Today, I’m returning from CornCon, a cyber security conference in Iowa – on 9/11/2021 – twenty years later, life is a full circle.  Ironically my husband was the one flying on 9/11/2001 to Washington DC. 

While he was in the air that morning, I was organizing a cyber security event with Secureworks, McAfee and the FBI at The Omni Hotel in Atlanta – adjacent to CNN Center.  During our breakfast seminar, suddenly all of the FBI agents abruptly left our seminar as their pagers and cell phones went off with alerts as to what was unfolding in New York.  My CEO asked what is going on, why are they all leaving – we had no idea as to what was occurring, beyond someone said a plane hit the World Trade Center.

I made my way to CNN’s now crowded lobby only to see the North Tower of the World Trade Center on fire and confirming that a plane had hit it. I then realized that my husband, Robert was flying to DC, but did not know if he was traveling on Delta or United as the business trip was booked last minute. I called Delta and was on the phone with a customer service agent asking if Robert was in the air at that time and if she could see his plane on the radar.  I was explaining to her where I was and what I was watching.  Then the second plane hit the South Tower.  In a total panic and not sure if my eyes were playing tricks on me, I ask again if she can see the radar.   She calmly told me she did not have access to this information, as she did not work in the tower.  I thanked her for her help and started to obsessively call Robert’s cell phones.  At first my calls went into voicemail, but it changed – it rang and rang.  He was landing at this point and had begun checking voicemail messages on his phone and office.  After putting me in voicemail several times, he finally answered!

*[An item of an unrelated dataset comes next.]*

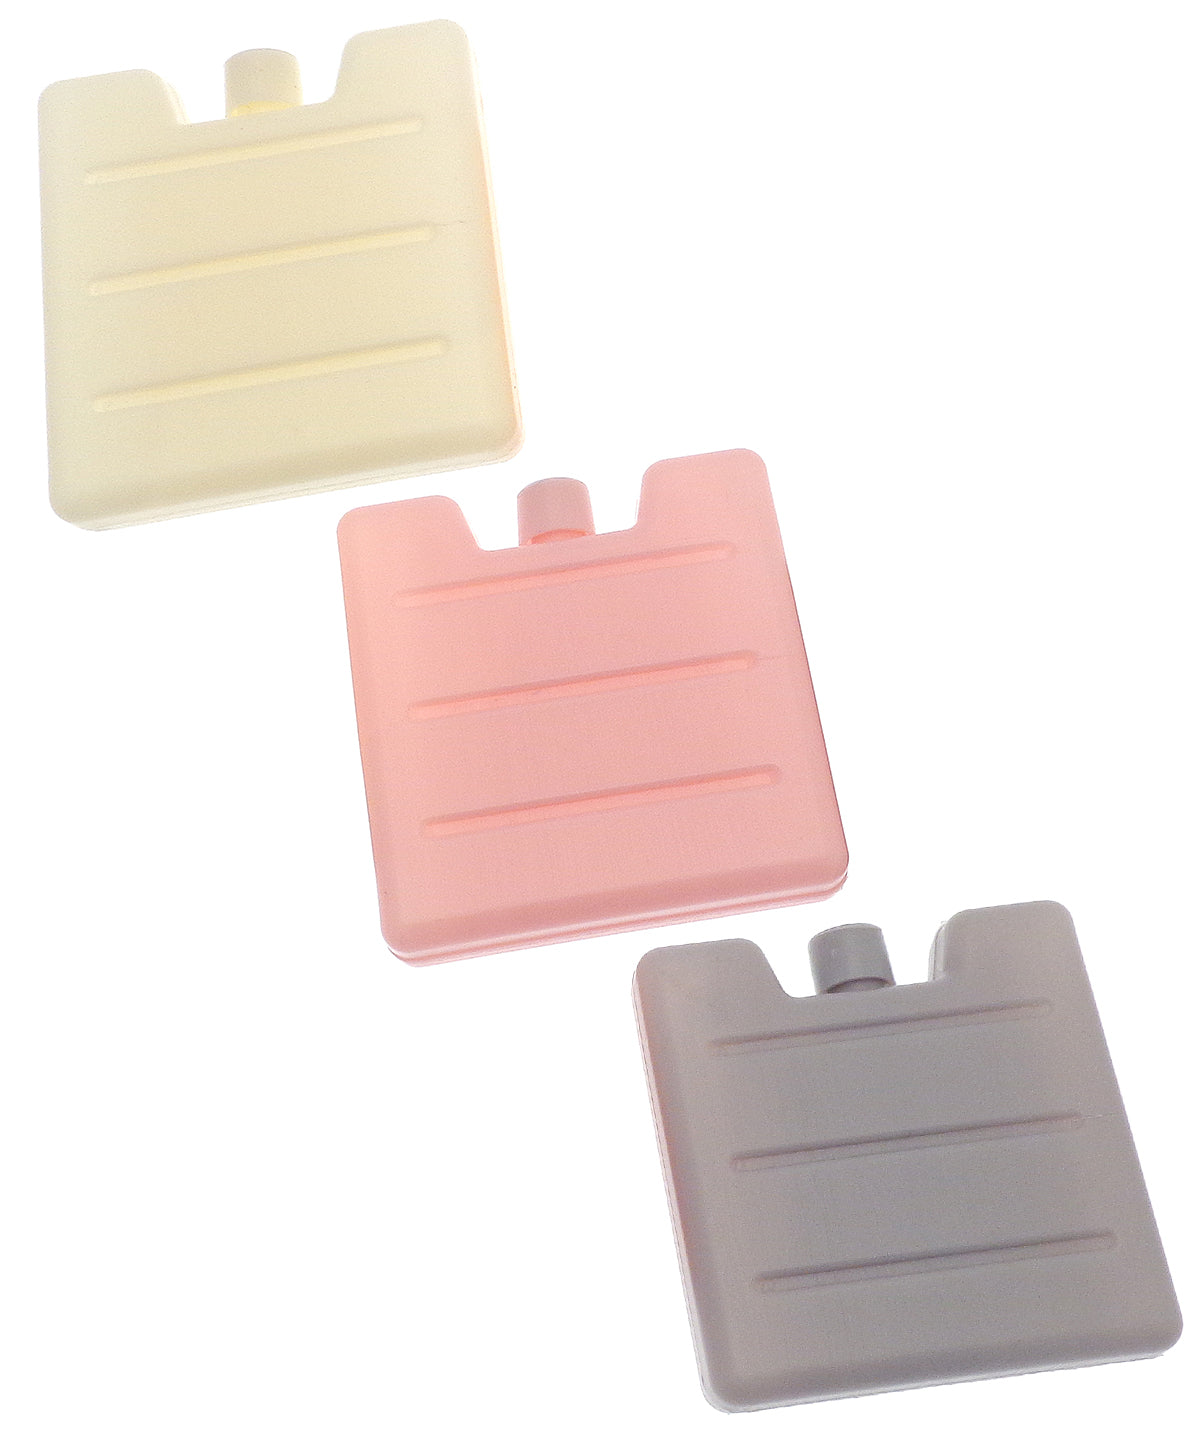 Medium freezer blocks (3-pack)

I was so relieved to hear his voice, knowing he was not on either of the planes that had crashed into the towers.  Shortly after we hung up the phone, another plane crashed into the Pentagon.  Knowing he had just landed in DC, realizing he often stays near the Pentagon, I called again to check on Robert, his sister who lives in Roslyn, Virginia at the time and friends.  I wanted Robert to come home immediately from DC, but he refused and thought it was unsafe to immediately leave DC – based on reports on the radio – which all turned out to be false.  I was an obsessive caller that day, but grateful that I had my husband to call and would come home shortly.  He drove back on September 12 with several stranded coworkers from Atlanta that were in DC on business, just like he was that day.

For all of us, September 11, 2001 is an inflection point one that had a life before the terrorist attacks and then an altered life after. Over 3,000 Americans were killed on that sunny early Fall morning when two hijacked airplanes crashed into the World Trade Center towers in New York City, another plane plowed into the Pentagon and a fourth plane was brought down into a Pennsylvania field by heroic passengers who were the first to fight back against terrorists.

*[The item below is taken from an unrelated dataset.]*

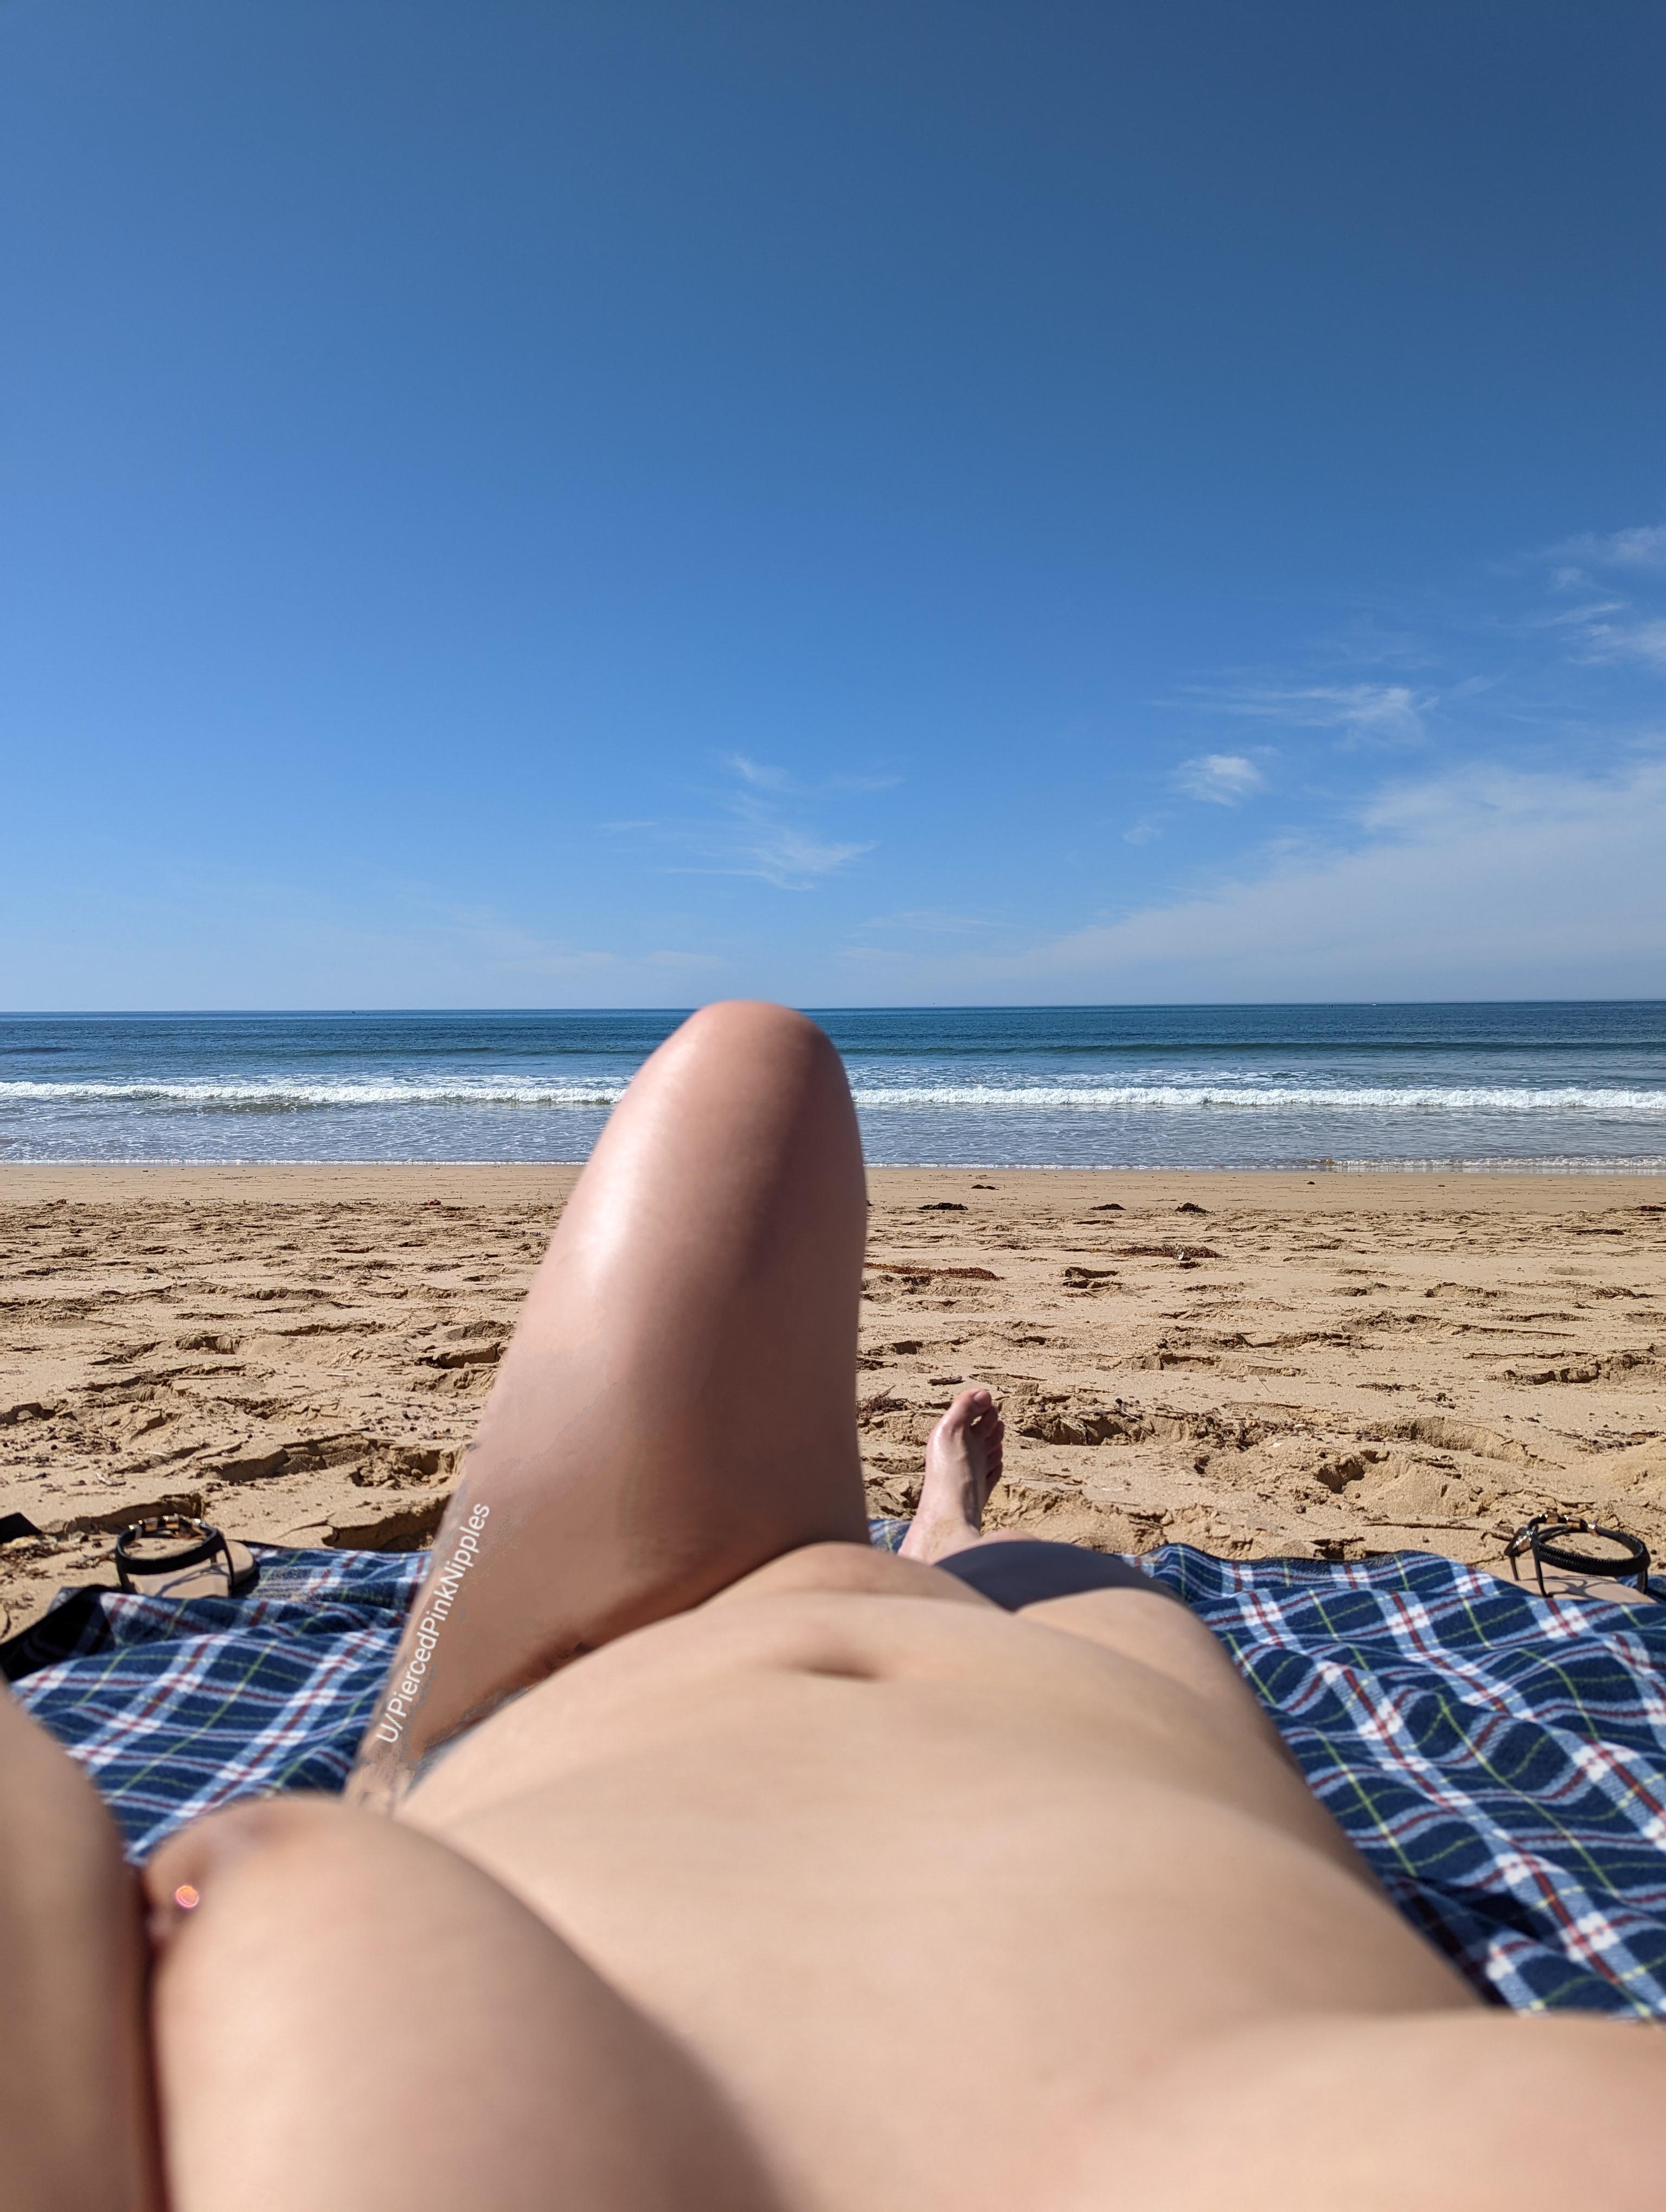 Buceta praia de nudismo

Following the 9/11 Attacks, Americans were consumed by fear, grief, and outrage, they turned to our leaders for action. Congress and the White House answered with an unprecedented expansion of military, law enforcement and intelligence powers aimed at rooting out and stopping terrorists, at home and abroad.  When President George W. Bush addressed Congress and the nation on September 20, 2001, he made a case for a new kind of military response. It was not going to be a targeted air strike on a single training facility or weapons bunker, but rather a wide-ranging global “War on Terror”.

“Our war on terror begins with al Qaeda, but it does not end there,” said President Bush. “It will not end until every terrorist group of global reach has been found, stopped and defeated.”

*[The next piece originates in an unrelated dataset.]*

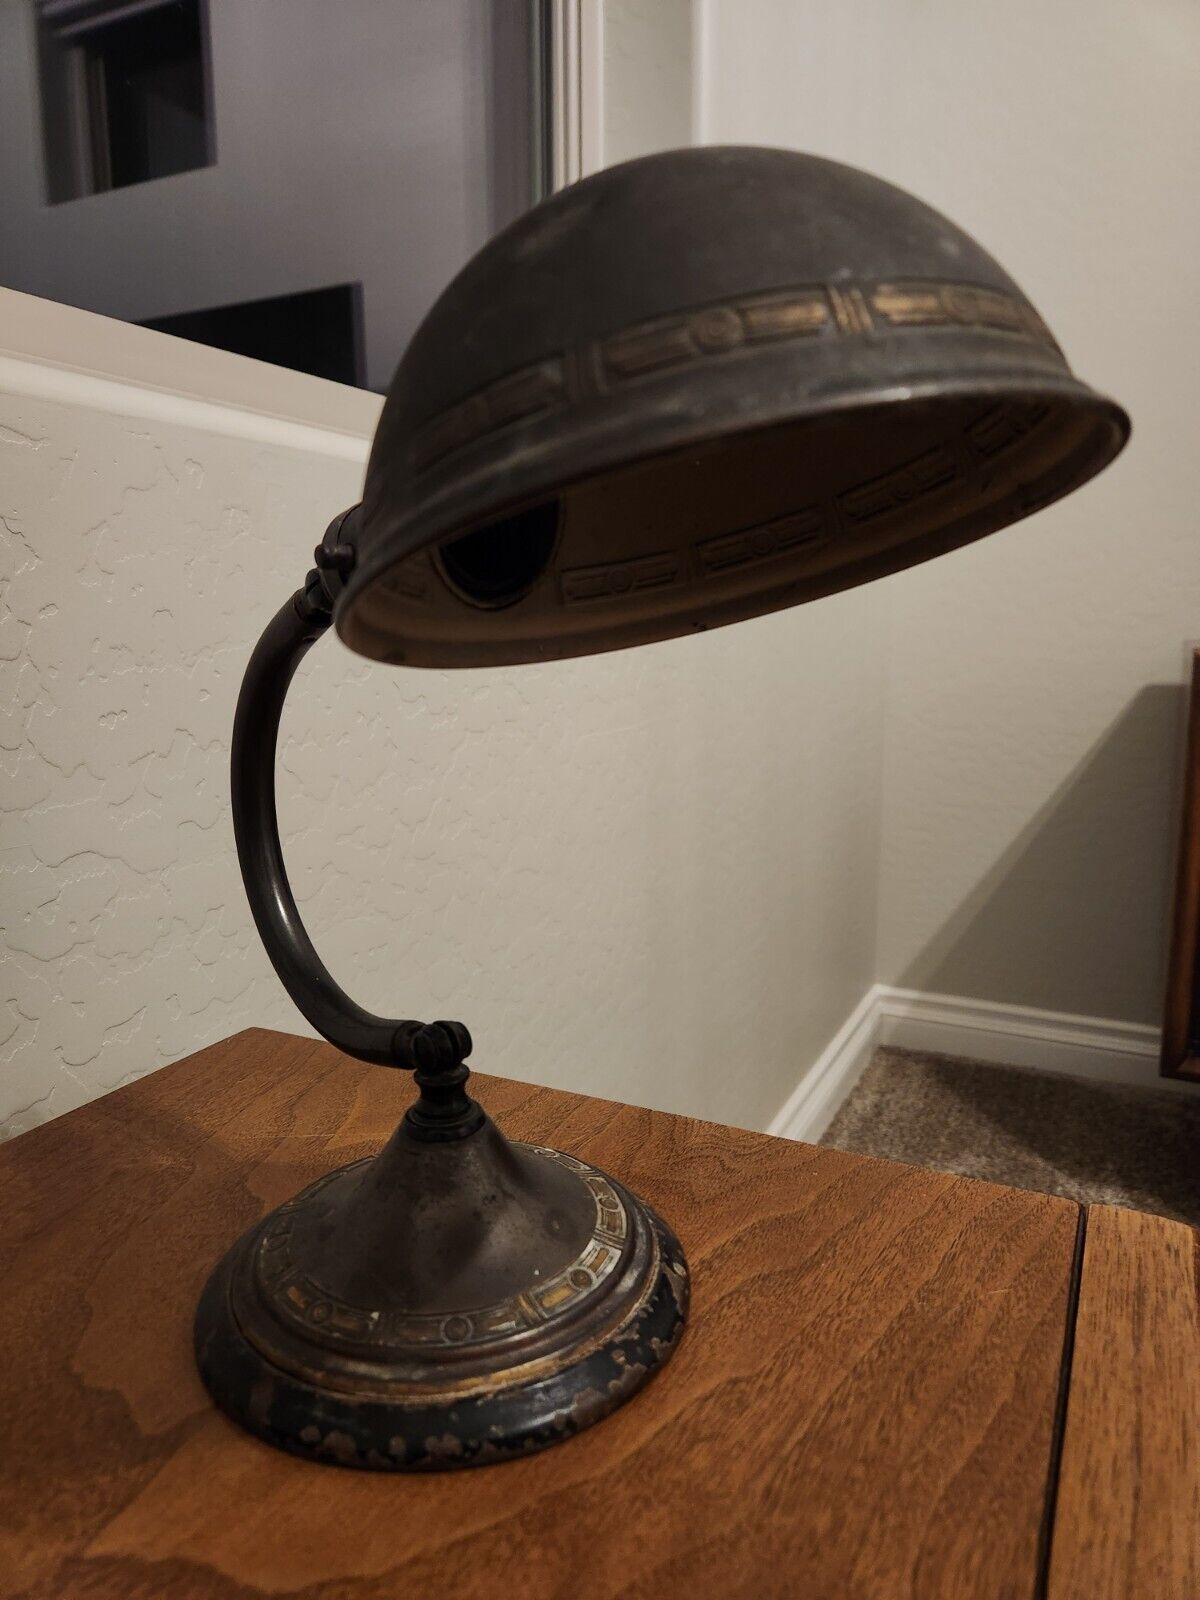 1930's Greist Adjustable Desk Lamp - All Original(?) - Needs Rewire

American support for the “War on Terror” became mixed as the campaign continued for years in an effort to target multiple terrorist cells and rogue regimes across the world. Thousands of American troops were killed in the first two decades of the War on Terror.  Many more returned home with physical and psychological wounds. Yet the ever-present shadow of 9/11, kept U.S. troops on the ground in Afghanistan and elsewhere for nearly two decades.

The security measures put in place after 9/11 appear to have foiled or discouraged many ambitious plots by foreign agents on American soil. But in the process, the country has faced an “endless” War on Terror that has indelibly altered the fabric of American life.

The Trump administration devised a plan and reached an agreement with the Afghan Government and the Taliban to extract our Citizens, Military and those who supported our efforts in Operation Enduring Freedom.  Unfortunately, Trump lost the 2020 election to Biden.

The Biden administration didn’t follow any of the directives that had been established by the Trump Administration.  Biden’s policies of America Last has clearly been demonstrated by his administration’s failure to successfully leave in Afghanistan in a peaceful, orderly manner.

Instead, Biden pulled out the Military first, leaving behind hundreds if not thousands of American Citizens behind enemy lines and the Afghans that supported our missions who had been promised our help in getting out of the country when we left.  Biden told them all good luck – leaving hundreds of Americans behind and an unknown number of people we promised to get out – turning his back on his own citizens.

Biden has enabled Afghanistan to fall to the Taliban, ISIS-K and other terrorist groups creating a terrorist paradise, where they can operate unfettered.  The same people who created a sanctuary country for Osama Bin Laden, al-Qaeda, ISIS, The Haqqani Network and dozens of other terrorist groups.  In fact, Biden handed them an $85 Billion State-of-the-Art Arsenal launching a “kindler-gentler” Taliban 2.0.

Twenty years later, I no longer feel safer from a terrorist attack. In fact, I am fearful of what may come next as the Biden/Harris administration treats the Taliban as a trusted business partner, instead of a terrorist organization who has its’ leadership on the FBI’s Most Wanted List.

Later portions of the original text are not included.